In the wake of California’s enactment of AB 5, additional states will consider adopting an “ABC Test” to determine whether to classify workers as employees or independent contractors.
The adoption of an “ABC Test” would have significant implications for employers — often including those in established industries — and result in more workers being classified as employees (instead of independent contractors) who would receive additional benefits like overtime and paid leave.
Opponents of this legislation argue that employees will lose the flexibility they enjoy as independent contractors to work for various employers and set their own hours and rates of pay.
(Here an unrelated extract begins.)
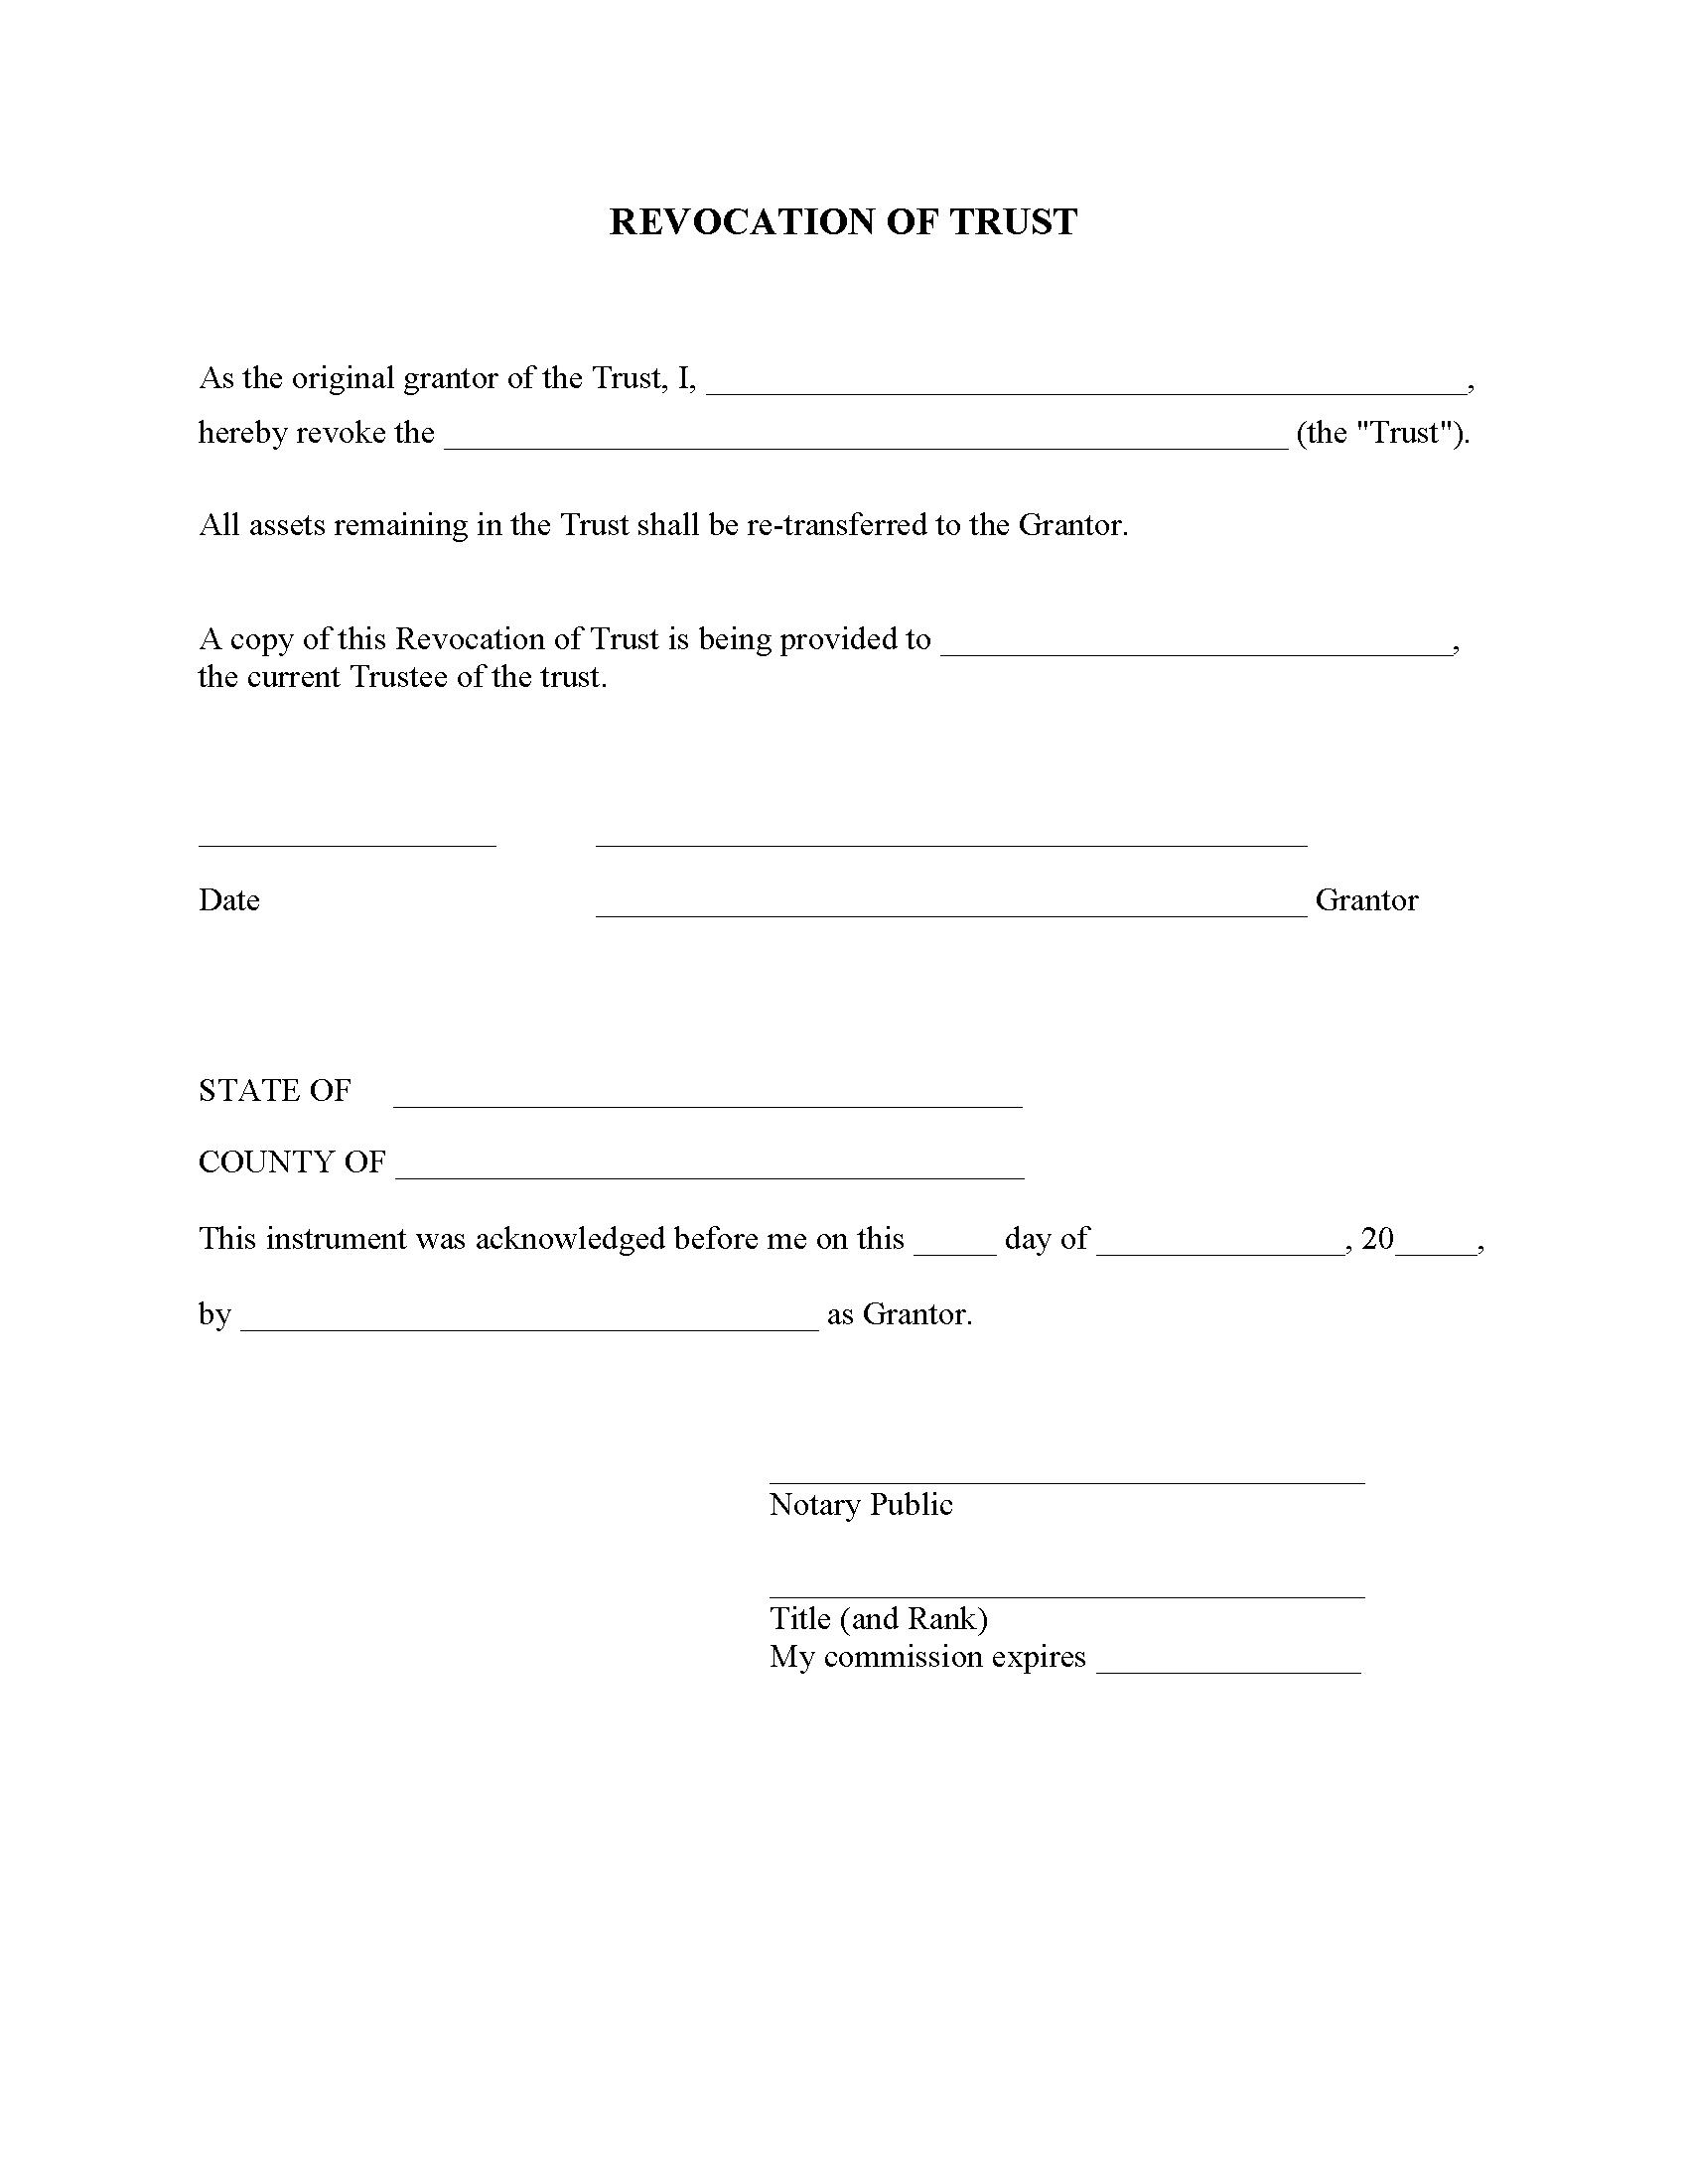 Texas Revocation of Trust Form

The rise of rideshare (e.g., Uber, Lyft) and other task-oriented (e.g. TaskRabbit) jobs, generally referred to as the “gig economy,” has put a new emphasis on worker classification. Should these gig economy workers be considered self-employed “independent contractors” or traditional “W-2” employees under the law? If they’re considered traditional employees, then the employer must offer regular wages and benefits. However, if gig economy workers are considered independent contractors, then it’s a temporary work engagement, paid for only a specific job, and the company that connects that worker to the customer avoids legal and HR-related obligations to the worker.
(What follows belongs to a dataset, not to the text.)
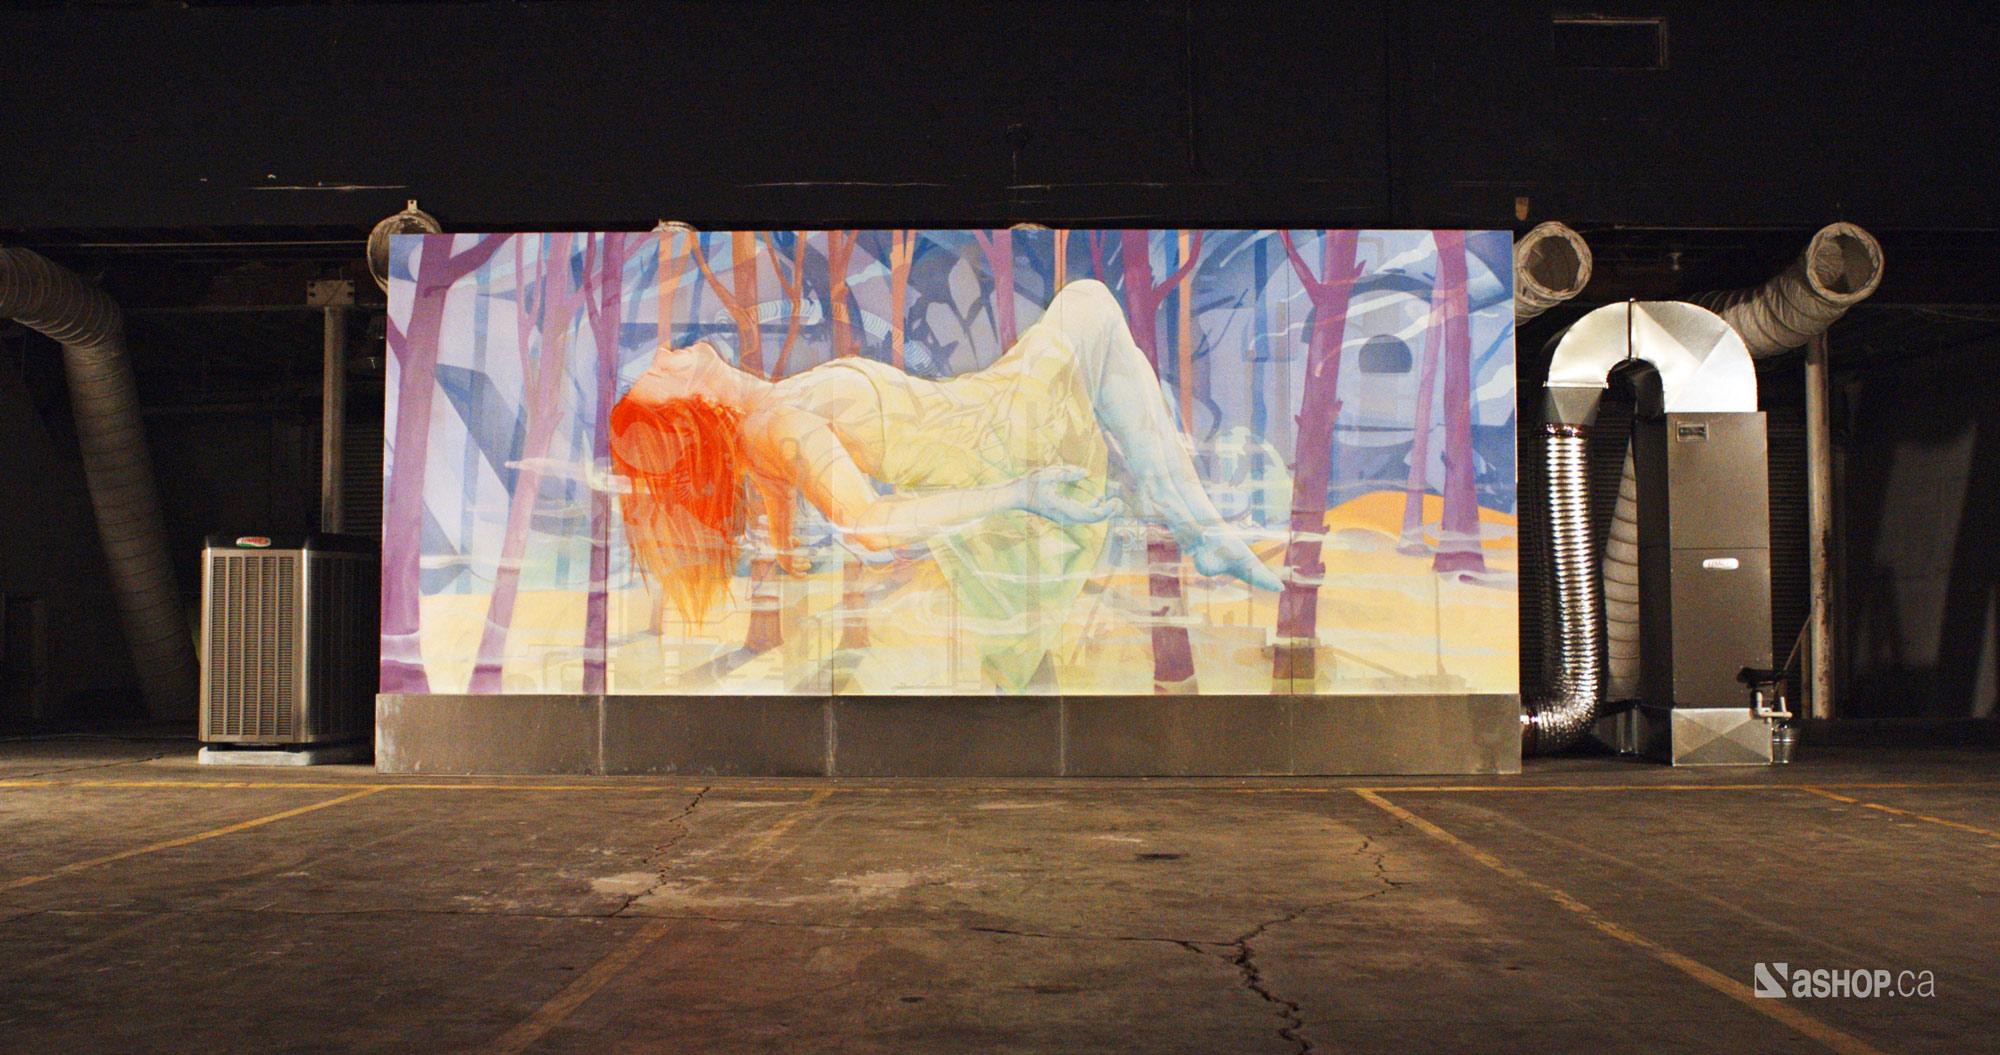 lennox_dodo_before_ashop_a'shop_mural_murales_graffiti_street_art_montreal_paint_WEB.jpg

Workers’ rights proponents would like to see more gig economy workers classified as traditional employees under state laws in order to provide them additional protections and benefits. State courts and lawmakers have taken a look at this issue and have begun to unravel this Gordian knot. The employment landscape is shifting, and the way we classify workers will need to adapt.
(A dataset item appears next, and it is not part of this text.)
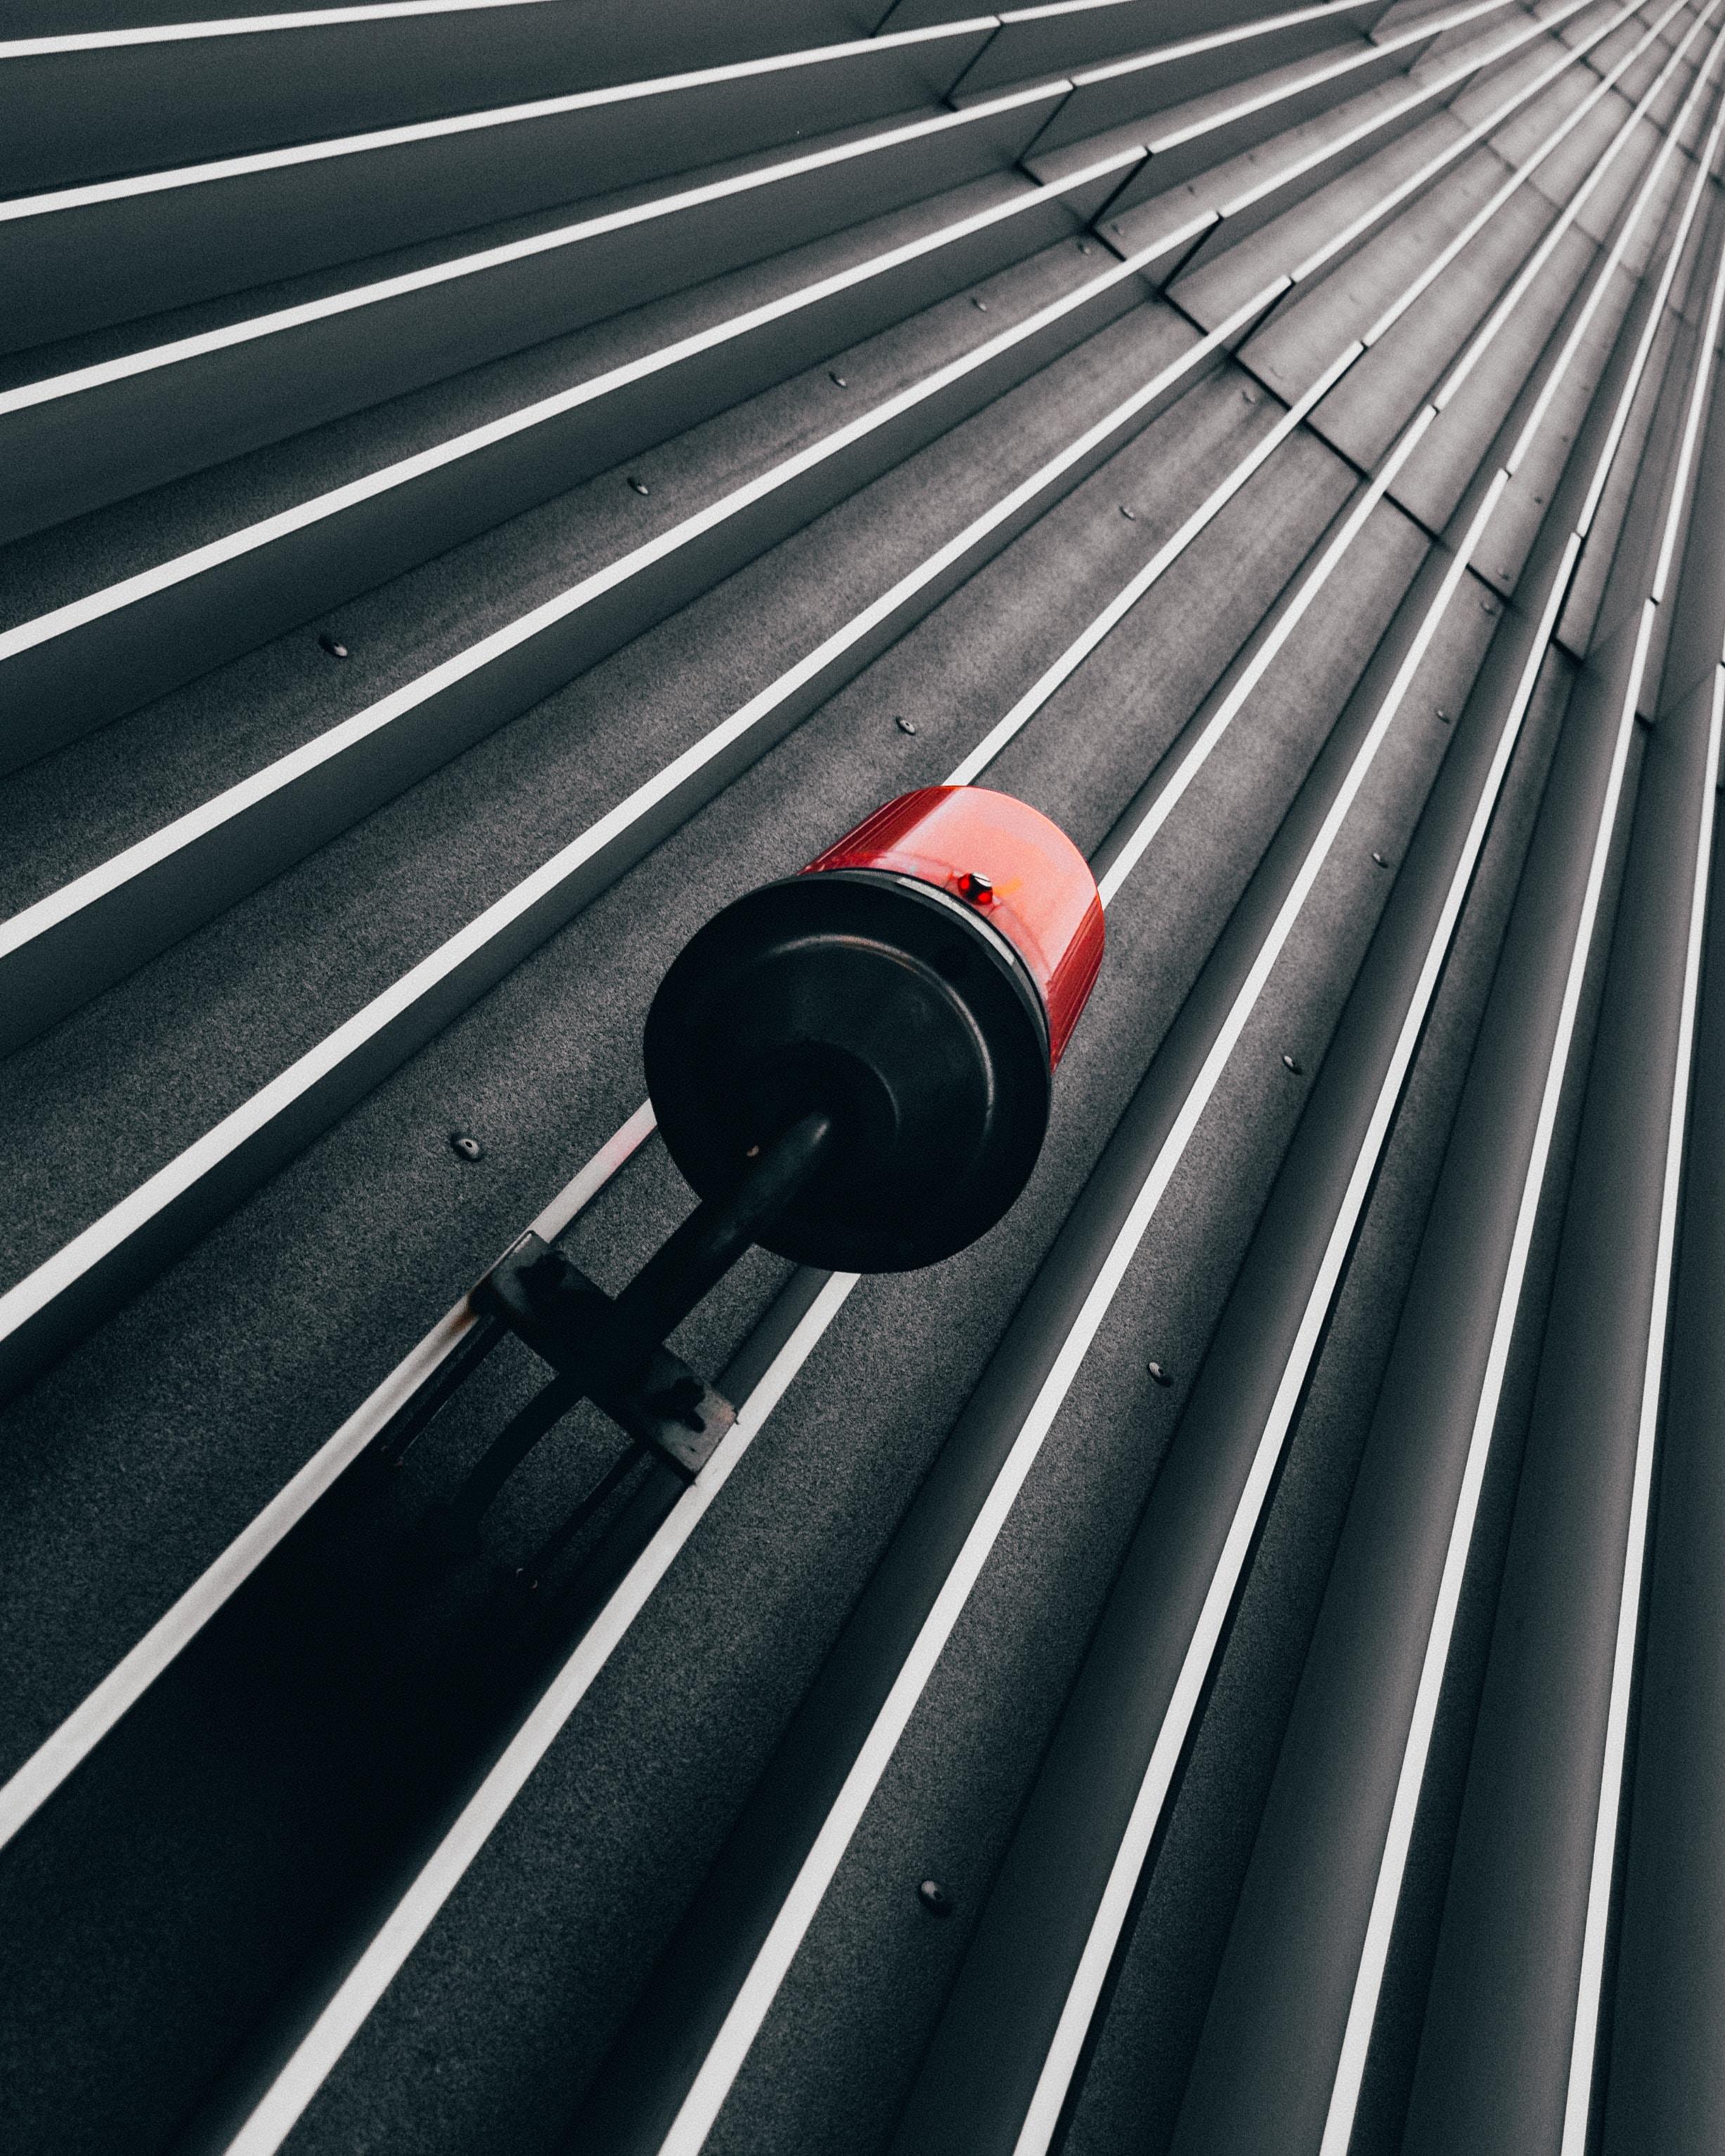 red beacon light

California’s AB 5 Draws Nationwide Attention
California lawmakers, in the wake of a major court decision, have attempted to define these concepts and bring national attention to the issue.
Earlier this year, Governor Gavin Newsom (D) signed into law legislation (CA AB 5) that will make it easier for gig economy workers to be classified as employees rather than independent contractors. While the bill exempts most traditional occupations (such as accountants, broker-dealers, doctors, investment advisors, lawyers, and others) from its scope, gig economy companies like Uber, Lyft, and Doordash would be required to classify workers as employees, thus guaranteeing minimum wage rates and other employee benefits. The passage of California’s AB 5 follows last year’s Dynamex Operations West, Inc. v. Superior Court of Los Angeles County case where the California Supreme Court ruled that Dynamex had misclassified its delivery drivers as independent contractors, rather than full-time employees. The court’s ruling assumes that workers should be classified as a W-2 employee unless the worker can answer “yes” to all three parts of the “ABC Test”:
The worker is free from the control and direction of the hirer in relation to the performance of the work, both under the contract and in fact;
The worker performs work that is outside the usual course of the hirer’s business; AND
The worker is customarily engaged in an independently established trade, occupation, or business of the same nature as the work performed for the hirer.
California’s AB 5 codified the court’s “ABC Test,” and now other states are looking to adopt and expand the Golden State’s path to ease classification of gig economy workers as traditional employees.
New Jersey Wants a Tougher “ABC Test”
Last week, New Jersey Senate President Stephen Sweeney (D) introduced legislation (NJ SB 4204) to revise the state’s existing ABC Test. The proposed legislation would amend both the “B” and “C” prongs in the existing ABC Test to make it more difficult to classify workers as independent contractors. It would eliminate part of the B prong that allows workers to be classified as independent contractors if “the service is performed outside of all the places of business of the employer for which the service is performed.” Additionally, the legislation would require workers to be engaged in activities “of the same nature as that involved in the work performed” to be classified as independent contractors. If enacted, many gig economy workers would be reclassified as employees.
Worker Classification Bills Spread Across States
During the 2019 session, lawmakers in nine states introduced legislation to adopt (or in the case of New Jersey, modify) an ABC Test to determine whether a worker should be classified as an employee or independent contractor. Until a more appealing alternative to provide gig economy workers with greater on-the-job protections and benefits is offered (perhaps the creation of a third classification of worker), expect additional blue states to pursue ABC Test legislation because classifying workers as employees is the most expedient way to guarantee more generous benefits to workers. Lawmakers in red states have reacted by proposing legislation to codify other, more lenient, employment status tests, like the 20-factor “right-to-control” test the IRS uses. Additionally, several states are also pursuing task forces on employee misclassification, suggesting an appetite to crack down on misclassification and to legislate on this issue in the future.